After regarding the arrangement a bit more, she says, “I think I've been working on the wrong thing. Because acceptance is one tiny little cube all the way out here. And if we did another BioGraff of what I would like it to look like, that would be valuable. To see the different colors, I think I would see a lot more pink, a lot more acceptance.I now suggest that she could make another BioGraff about what she would like to see in her response to Sawyer. Jean eagerly pushes the cluster she has made out of the way, to clear room for her vision of a better way with her child. Now she makes a large cluster of acceptance (pink) surrounded by patience (blue). She does it with a lot of excitement, saying “Because I'm actually like this. This is what I want. This is what I want.”

Regarding her work again she says, “And I'm actually tempted to not even bring the other things in because they're sort of irrelevant. I feel like that stuff will fix itself if I have this stuff.”

Her final thoughts about the experience: “It is kind of mind blowing. I feel like my heart opened up a little bit in a good way, which kind of makes me a little emotional. I actually I wasn't expecting this result. The truth is that there was a lot that I couldn't figure out. I have been talking this issue to death. I talk to my friends about it. I talked to you about it. I talked to my family about it. And we're just stuck. I'm stuck. So doing this, I just see things that I've talked about a ton, but just to see them this way, it has... I mean, it's opened my heart, I'll tell you that. Like I'm having a lot of emotions, which I guess is part of the best therapy. And I also feel like my mind has been blown and I have some hope that I can work on this problem."

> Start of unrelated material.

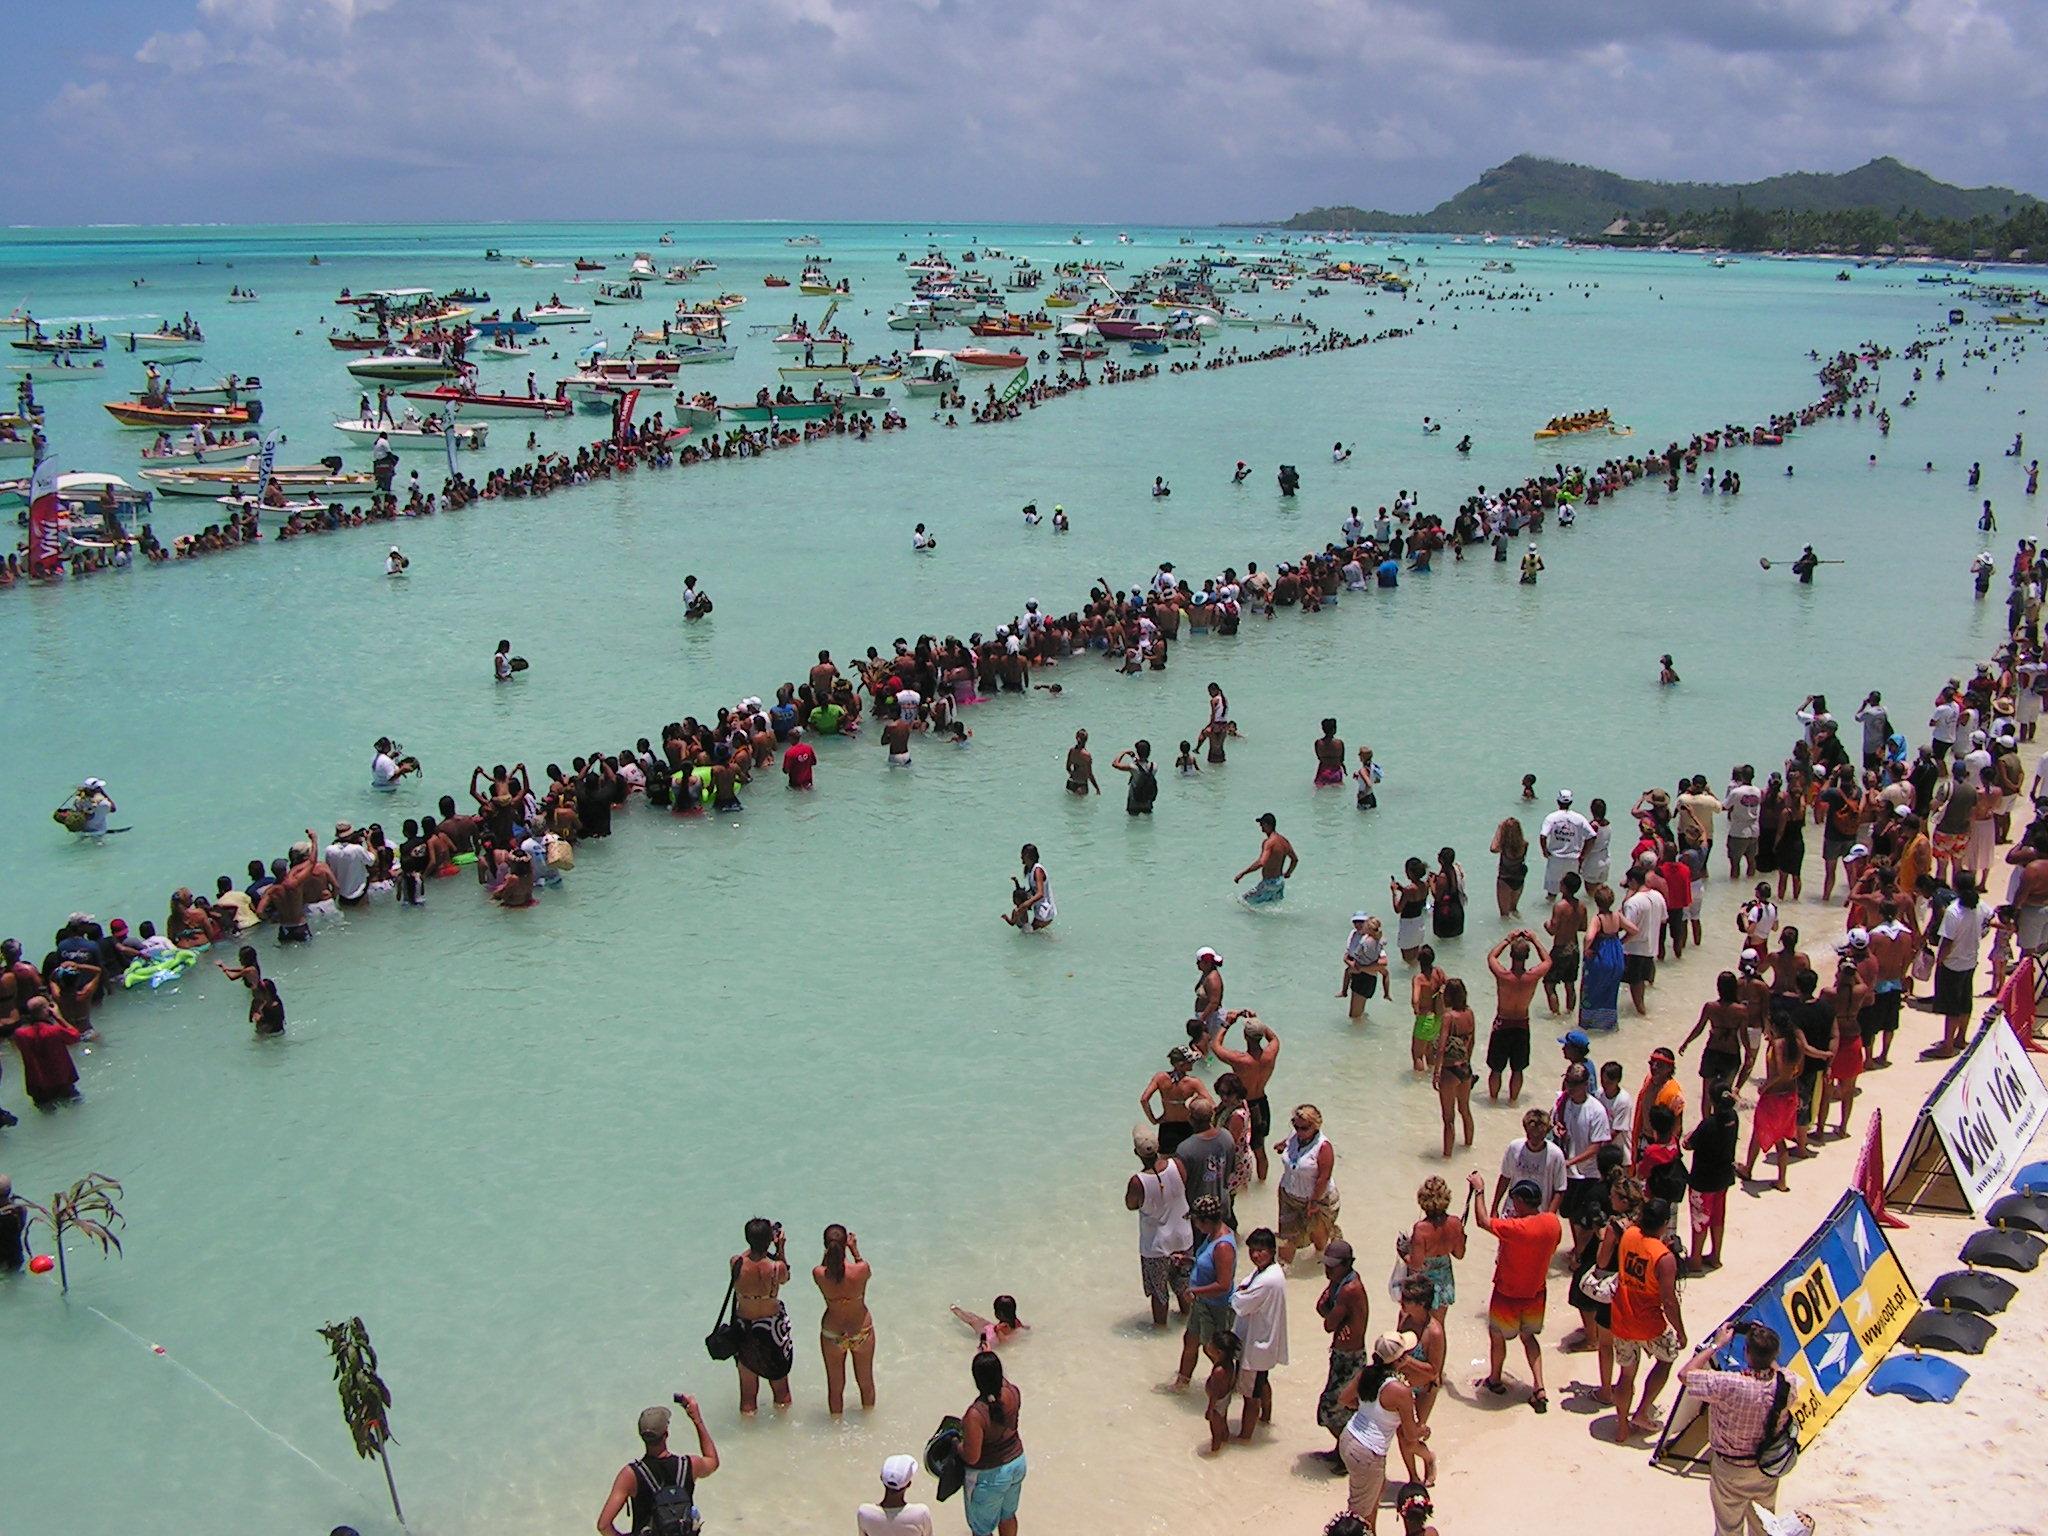 La fin de la course Hawaiki Nui va'a sur le plan d'eau de Matira entraîne souvent la surconsommation d'alcool. Crédit : Françoise Buil

This illustrates the experiential nature of making a BioGraff. When we pick up the cubes and start representing our experience in a visual, spatial way, one-step removed from language, people get less caught up the standard every day "selfing" that happens when we talk. Ideas flow freer detached from the need to make sentences and segues. Jean connected more to her emotional sides through the five-senses way that she approached the process: the feel of the cubes, the sounds they make on the board, the colors and the shapes she made with them. Making the BioGraff created a much more connected and integrated way of contacting her experience and communicating her experience. She "drilled down" into her experience to better access what was happening, and what she wanted. In this case example, I was an audience to her experience, but choose a moment to suggest ways to continue interacting with the cubes and the metaphors Jean had created, with the suggestion to make another BioGraff of how she wanted to be with Sawyer. This came very naturally out of Jean's comment about what another BioGraff might look like. Any suggestion about moving or changing the arrangements gives the client another opportunity to have an experiential relationship with the metaphors they have established.